The gospel can do that. It can and does do so to-day and to us, if we will. Nothing else can; nothing else ever has done it; nothing else ever will. Culture may do much; social reformation may do much; but the radical transformation of the nature is only effected by the “love of God shed abroad in the heart,” and by the new life which we receive through our faith in Christ.

That change can be produced on all sorts and conditions of men. The gospel despairs of none. It knows of no hopelessly irreclaimable classes. It can kindle a soul under the ribs of death. The filthiest rags can be cleaned and made into spotlessly white paper, which may have the name of God written upon it. None are beyond its power; neither the savages in other lands, nor the more hopeless heathens festering and rotting in our back slums, the opprobrium of our civilization and the indictment of our Christianity. Take the gospel that transformed this poor slave, to them, and some hearts will own it, and we shall pick out of the kennel souls blacker than his, and make them like him, brethren, faithful and beloved.

Further, here is a living illustration of the power which the gospel has of binding men into a true brotherhood. We can scarcely picture to ourselves the gulf which separated the master from his slave. “So many slaves, so many enemies,” said Seneca. That great crack running through society was a chief weakness and peril of the ancient world. Christianity gathered master and slave into one family, and set them down at one table to commemorate the death of the Saviour who held them all in the embrace of His great love.

All true union among men must be based upon their oneness in Jesus Christ. The brotherhood of man is a consequence of the fatherhood of God, and Christ shows us the Father. If the dreams of men’s being knit together in harmony are ever to be more than dreams, the power that makes them facts must flow from the cross. The world must recognise that “One is your master,” before it comes to believe as anything more than the merest sentimentality that “all ye are brethren.”

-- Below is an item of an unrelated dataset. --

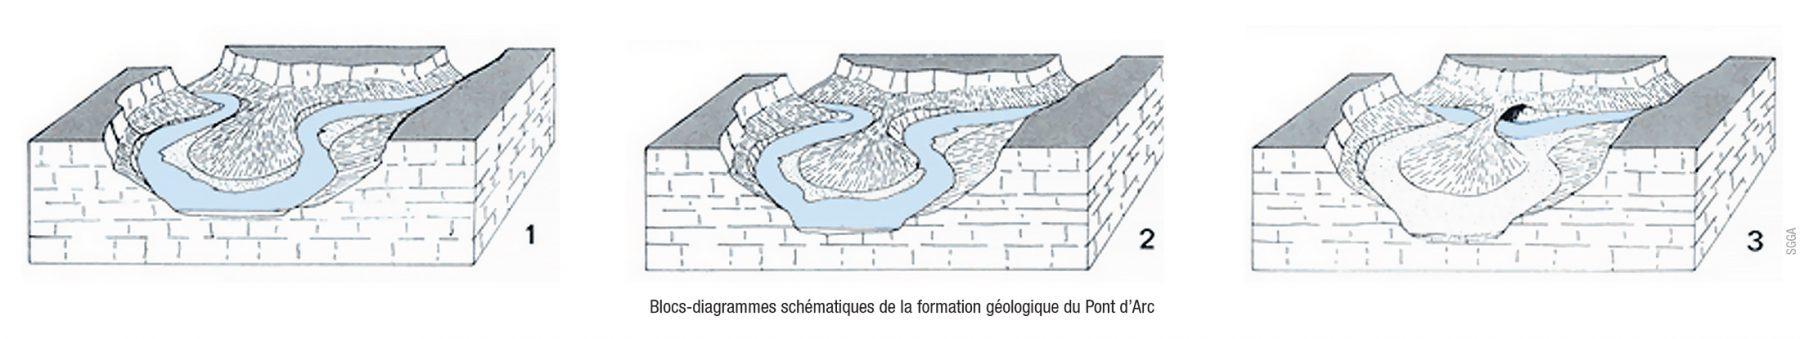 formation-geologique-pont-arc-ardeche.jpg

Much has to be done before the dawn of that day reddens in the east, “when, man to man, the wide world o’er, shall brothers be,” and much in political and social life has to be swept away before society is organized on the basis of Christian fraternity. The vision tarries. But we may remember how certainly, though slowly, the curse of slavery has disappeared, and take courage to believe that all other evils will fade away in like manner, until the cords of love shall bind all hearts in fraternal unity, because they bind each to the cross of the Elder Brother, through whom we are no more slaves but sons, and if sons of God, then brethren of one another.